Commonly asked questions and answers regarding the Pathway to Our Clear Vision.
Trietsch celebrates 40 years of ministry in 2023. In that time, we have reached thousands of people with the gospel of Jesus Christ, and we envision reaching thousands more. Our clear vision calls us to envision a community where people matter, brokenness is healed and love is lived. This vision is our desired outcome of our mission to lead people into a growing relationship with Jesus Christ. One tool that we use to achieve our mission and vision are our facilities. Our facility needs to be well taken care of and prepared for the next generation. The reconfiguration and regeneration of our facilities is a step on The Pathway to our Clear Vision.
In 40 years we have built quite a complex to achieve ministry. Some parts of our facility are 40 years old. The newest portion is now 11 years old. We have serious and expensive deferred maintenance that must be addressed and an underutilized facility. We must give attention to the regeneration and reconfiguration of our complex to better prepare for the next generation of ministry.
The first 20 years of Trietsch saw meteoric growth and debt demanded by needed space for ministry. Over the last 20 years, we have built only one component of our facility (FLC) and incurred too much debt in doing so. For years we’ve needed to give attention to debt reduction rather than keeping the overall condition of our entire facility healthy. Good news: we have paid down $5 million in debt over these last few years.
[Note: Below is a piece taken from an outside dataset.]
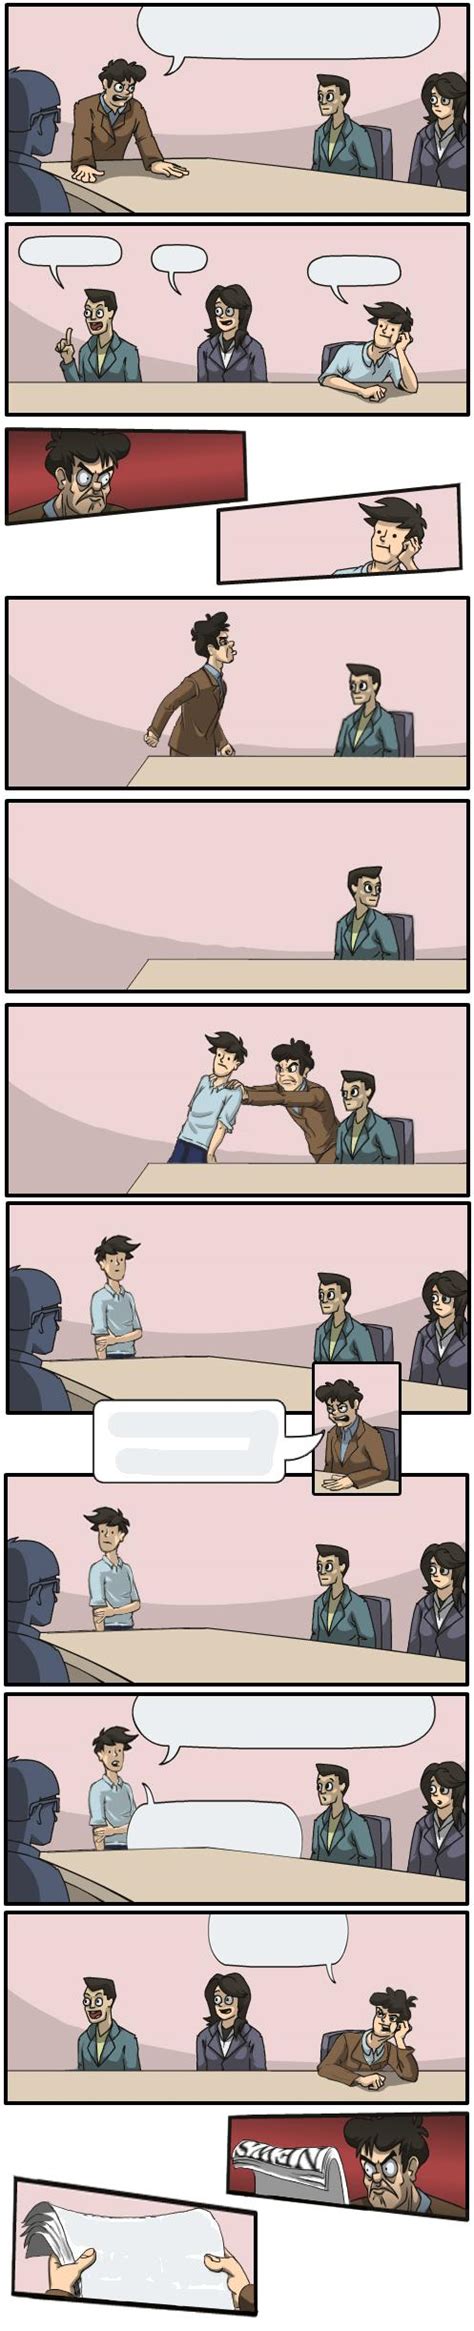 Boardroom Meeting Suggestion Extended Template Boardroom Suggestion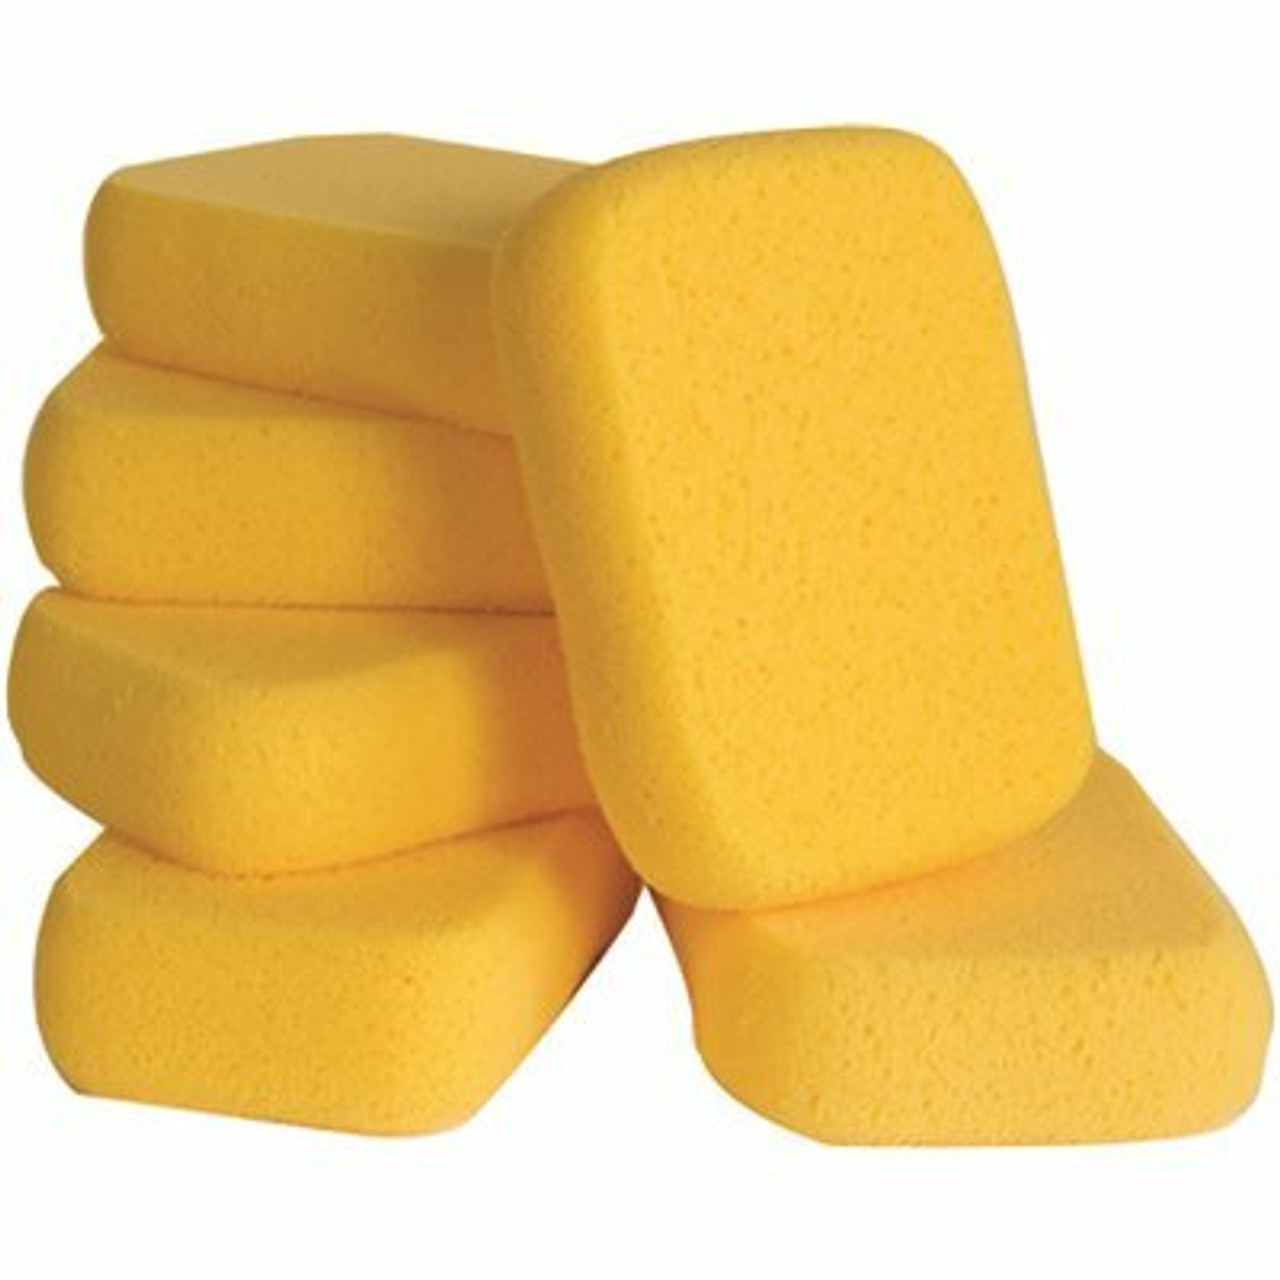 Qep 7-1/2 In. X 5-1/2 In. Extra Large Grouting, Cleaning And Washing Sponge (6-Pack)

Bad news: we have an aging, deteriorating, and outdated facility that needs regeneration and reconfiguration for the next generation.
Your church leadership is committed to (see info at www.tmumc.org/allchurch):
- Completing all deferred maintenance issues ($5.5 million estimated)
- Reconfiguring the current main building to allow for dedicated ministry space for youth, children, adult, fitness, worship, gathering/welcome, and administration ($6 million estimated).
- No additional or new debt to achieve this goal.
As you can see at www.tmumc.org/allchurch, our church leadership has done its due diligence to determine a Pathway to our Clear Vision. Over the last 15 months, your Trustees (property stewards) and Leadership Board have invested innumerable hours with outside consultants (Horizons, Building Solutions and BBA Architects) to determine a path forward. The consultants offered data, experience, industry standards, expertise, educated opinion and offered twelve different viable options for a pathway to our clear vision. The sale of the FLC was selected as the most feasible option to achieve our goal without incurring an additional debt.
The twelve options can be broken down into four primary categories.
Option 1: Do nothing and allow the building to deteriorate. This option was unanimously rejected by leadership.
Option 2: Work only on the $5.5 million deferred maintenance. This option required additional debt or a generosity campaign larger than our church has ever done. It would provide no facility updating. This option was unanimously rejected by leadership.
Option 3: Relocate our church. Relocations requires selling the facility and a generosity campaign to raise funds to purchase land and build a new facility. The architect presented three different sized campuses. The smallest of which would be less than 50% of our current campus size and cost $40 million to build. This is an unfeasible option.
Option 4: Sell some portion of our campus (main or FLC) and reconfigure. The consultants costed out both options. Selling the main campus to expand the FLC to be more church-like was almost as expensive as a relocation and would require removing the playing fields. Selling the FLC to reconfigure the main campus had multiple options for reconfiguration. This option is the most financially feasible and is the one that was selected.
The FLC property: FLC building, surrounding parking (everything south of the fence enclosed chiller units), lighted and irrigated fields, Veteran’s Memorial Plaza and the surrounding wrought iron fence. Portions of this may be negotiated out of the sale. A potential leaseback agreement may be secured for the use of FLC for a designated period.
The cost of deferred maintenance is $5.5 million. The projected cost of reconfiguration of the main campus is over $6 million. Neither can be reached by raising capital through a generosity campaign. Your leadership is committed to incurring no additional debt. If we don’t sell the FLC, we do not have enough capital for deferred maintenance or facility reconfiguration. The sale of the FLC would also save additional revenue moving forward through cost elimination.
The proposal will be to sell the FLC to provide for deferred maintenance and reconfigure the main building. The FLC is currently on the market, and we will conduct a generosity campaign to raise funds to cover the difference between the proceeds of sale and the cost of reconfiguration. The generosity campaign will also allow for any funds raised that are above the actual cost of construction to go toward debt reduction for our current mortgage. No new or additional debt will be incurred for this proposal. Once the FLC sells we will have an immediate cash infusion (approx. $9 million) to begin work toward reconfiguration and deferred maintenance. We will use proceeds from the generosity campaign to bridge the gap of total construction costs.